ATLANTA - With most security breaches affecting small- and medium-sized businesses—not the Targets of the world—HME providers can't afford not to prioritize cybersecurity, said speaker Carol Albaugh.

Providers are doing business in an environment where health care recently surpassed finance as the industry most targeted by hackers, said Albaugh, a technical solutions consultant at VGM.

“It's so rich in the kind of data that hackers are looking to sell on the black market,” she said. “You're talking about patient names and addresses, their Social Security numbers. With that information, they can open bank accounts and purchase homes. That's why health care is being targeted.”

The costs of a security breach are huge, Albaugh said: It rings up at about $402 per patient record, causing 60% of companies to go out of business within a year of a breach.

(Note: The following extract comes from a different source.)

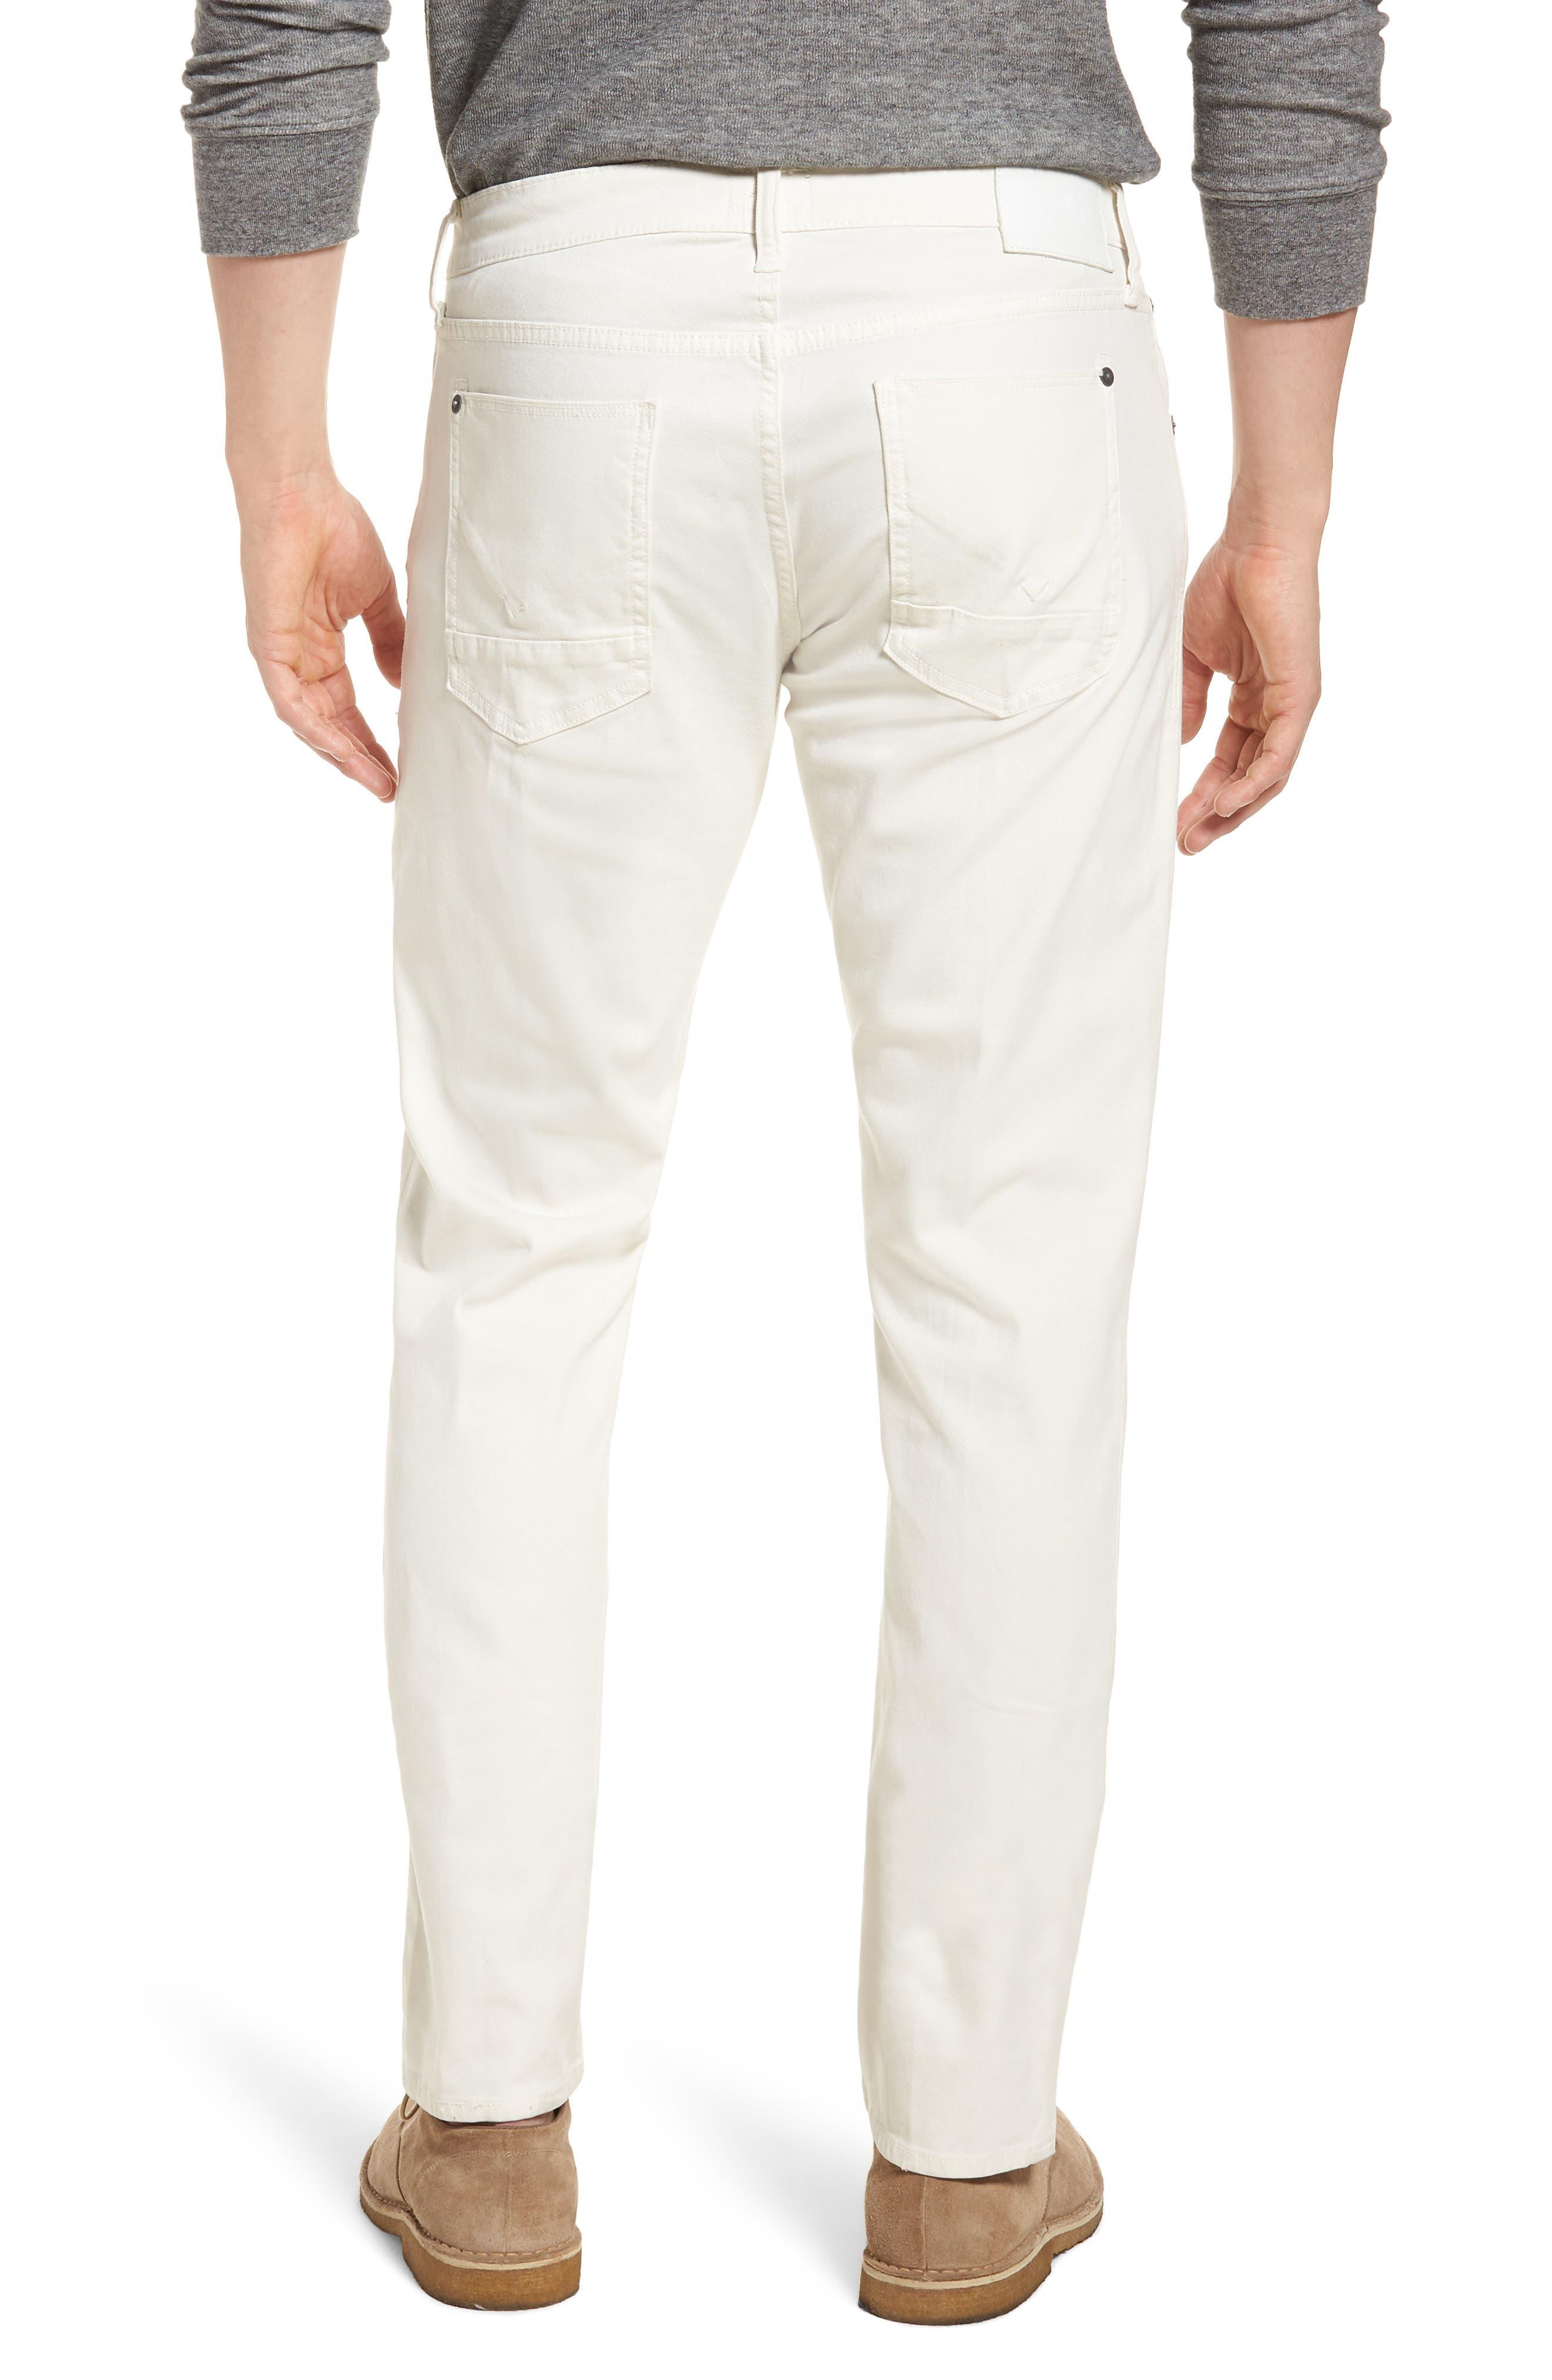 Blake Slim Fit Jeans,                             Alternate thumbnail 2, color,                             110

“To think about your risk level, multiply $402 by your number of patient records,” she said. “That's what's active, what's in storage— even your paper records, as well.”

There's also the cost to a company's brand, which can result in losing customers and contracts, Albaugh said.

To address cybersecurity concerns, as well as compliance concerns, providers need to have a strong security and risk assessment on file that addresses administrative, physical and technical considerations. When the Office of Civil Rights audits providers, this, as well as business associate agreements, is where the agency tends to focus.

“(OCR) audits are going to pick back up again,” said Kelly Grahovac, a senior consultant at The van Halem Group, “and these were the big ones for fines (in the past).”

When asked what the best practices are for security and risk assessments and whether or not providers should hire a third party, Grahovac said it depends on the level of sophistication of their organization, particularly their IT and security personnel.

Grahovac also advised attendees to return to their assessment with any change to the organization.

“It's not a one and done,” she said.

Albaugh and Grahovac also emphasized the importance of HIPAA policies and procedures, and employee training.

“Educate, educate and then re-educate,” Albaugh said. “Once a year is not going to cut it.”